Кот слегка напрягся, но не двинулся с шеи Свайбера. Илья Борисович встал и медленно подошел к Ряхину с Солярским.

– Родион Игнатьевич наверняка тоже не любит фотографироваться. Но он тоже есть на фотографиях. И на всех фотографиях он в клетчатой рубашке. Где ваша рубашка, Родион Игнатьевич?

– Понятия не имею, – Ряхин не поднимал головы.

– Думаю, вы действительно можете этого не знать, – Илья Борисович взял палку, подошел к кострищу и пошевелил угли. – Зато я знаю. Совсем недавно она была здесь, – он вернулся к сумке, достал пакет и вытянул оттуда кусочек обгоревшей клетчатой ткани. – Она сгорела в этом костре.

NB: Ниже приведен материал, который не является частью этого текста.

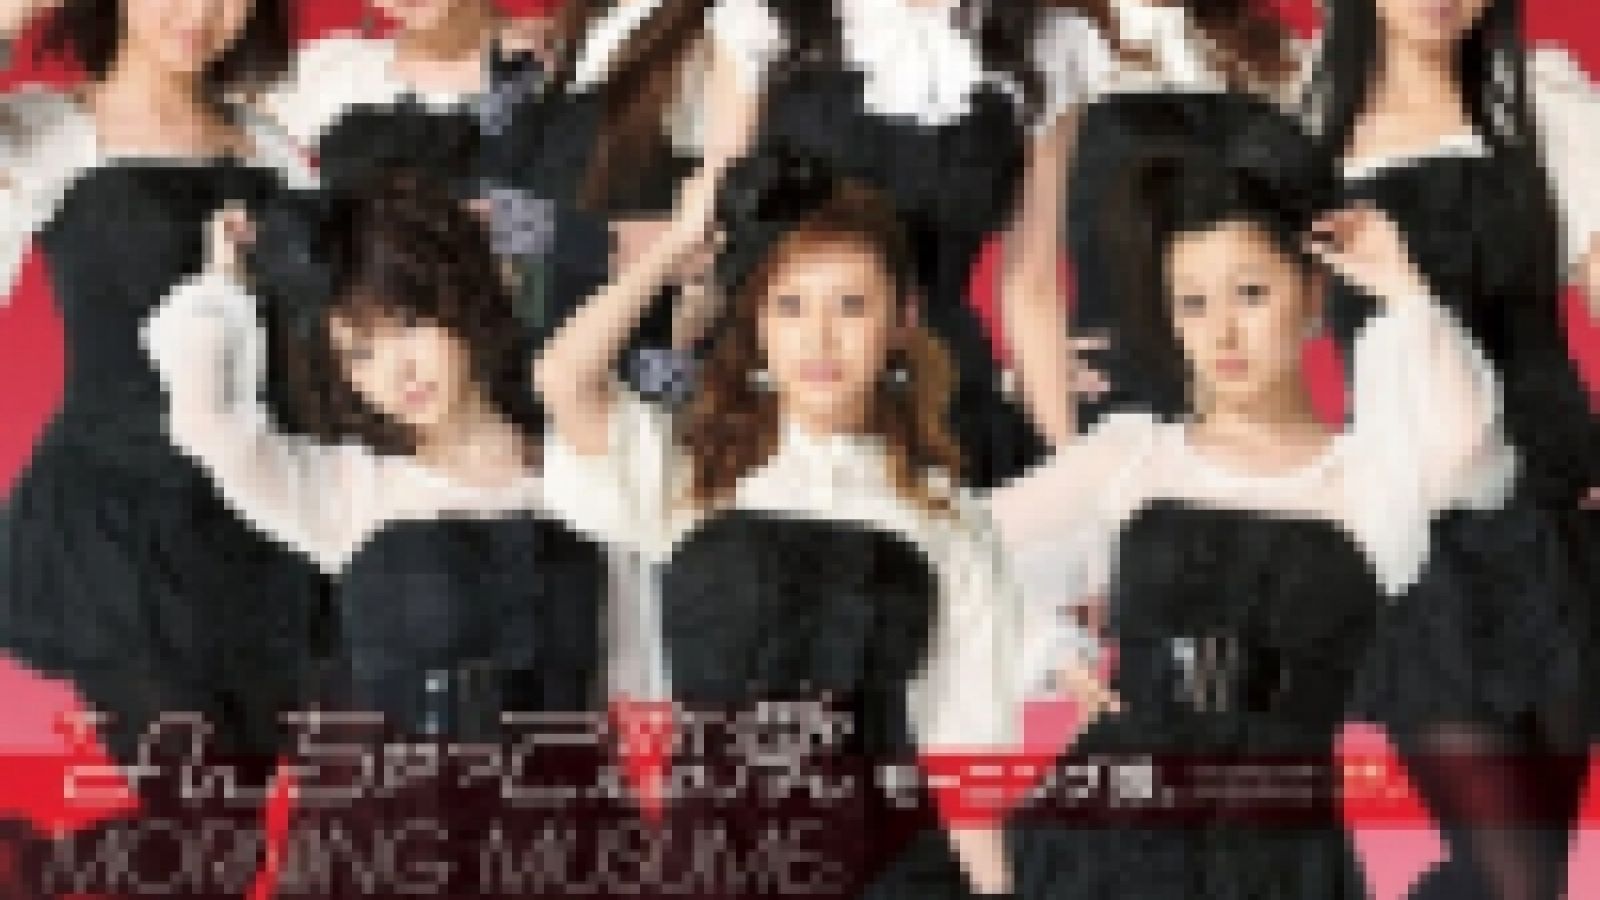 Detalles del single y el Music Video DVD de Morning Musume. © JaME

Сгорела в костре, которого не было. У которого вы не собирались. Так ведь?

Никто не ответил.

– Почему кто-то решил сжечь вашу рубашку? Возможно, на ней были какие-то следы…

– Моя любимая рубашка! Я действительно ничего не помню, – Ряхин удивленно переводил взгляд с костра на фрагмент ткани в руке следователя.

– Возможно, возможно… Все, вы свободны. Можете идти. Вы все можете идти!

– А я? Зачем вы позвали меня? – тихо спросил Свайбер.

– А низачем. Вот Солярский пришел, хотя его никто не звал. Может, мне тоже захотелось вас запутать. Чтобы вы немного поволновались. От вас мне ничего не нужно. Этот долгий день заканчивается. Кажется, снова собирается гроза. К счастью, мне здесь больше нечего делать. У меня есть ответ.

Все переглянулись, но оставались на своих местах. Никто не решался встать.

– Мне собрать всех в библиотеке? Вы хотите что-то объявить? – с обычной мягкой улыбкой спросил Доспехов.

– Нет, представления сегодня не будет. Отдохните. Вы перенапряглись. Федор, давайте прогуляемся. Покажите мне дальнюю беседку…

– Конечно! Может быть вы хотите посмотреть «Лесково» с высоты птичьего полета?

– Нет, спасибо. Уже имел такое удовольствие.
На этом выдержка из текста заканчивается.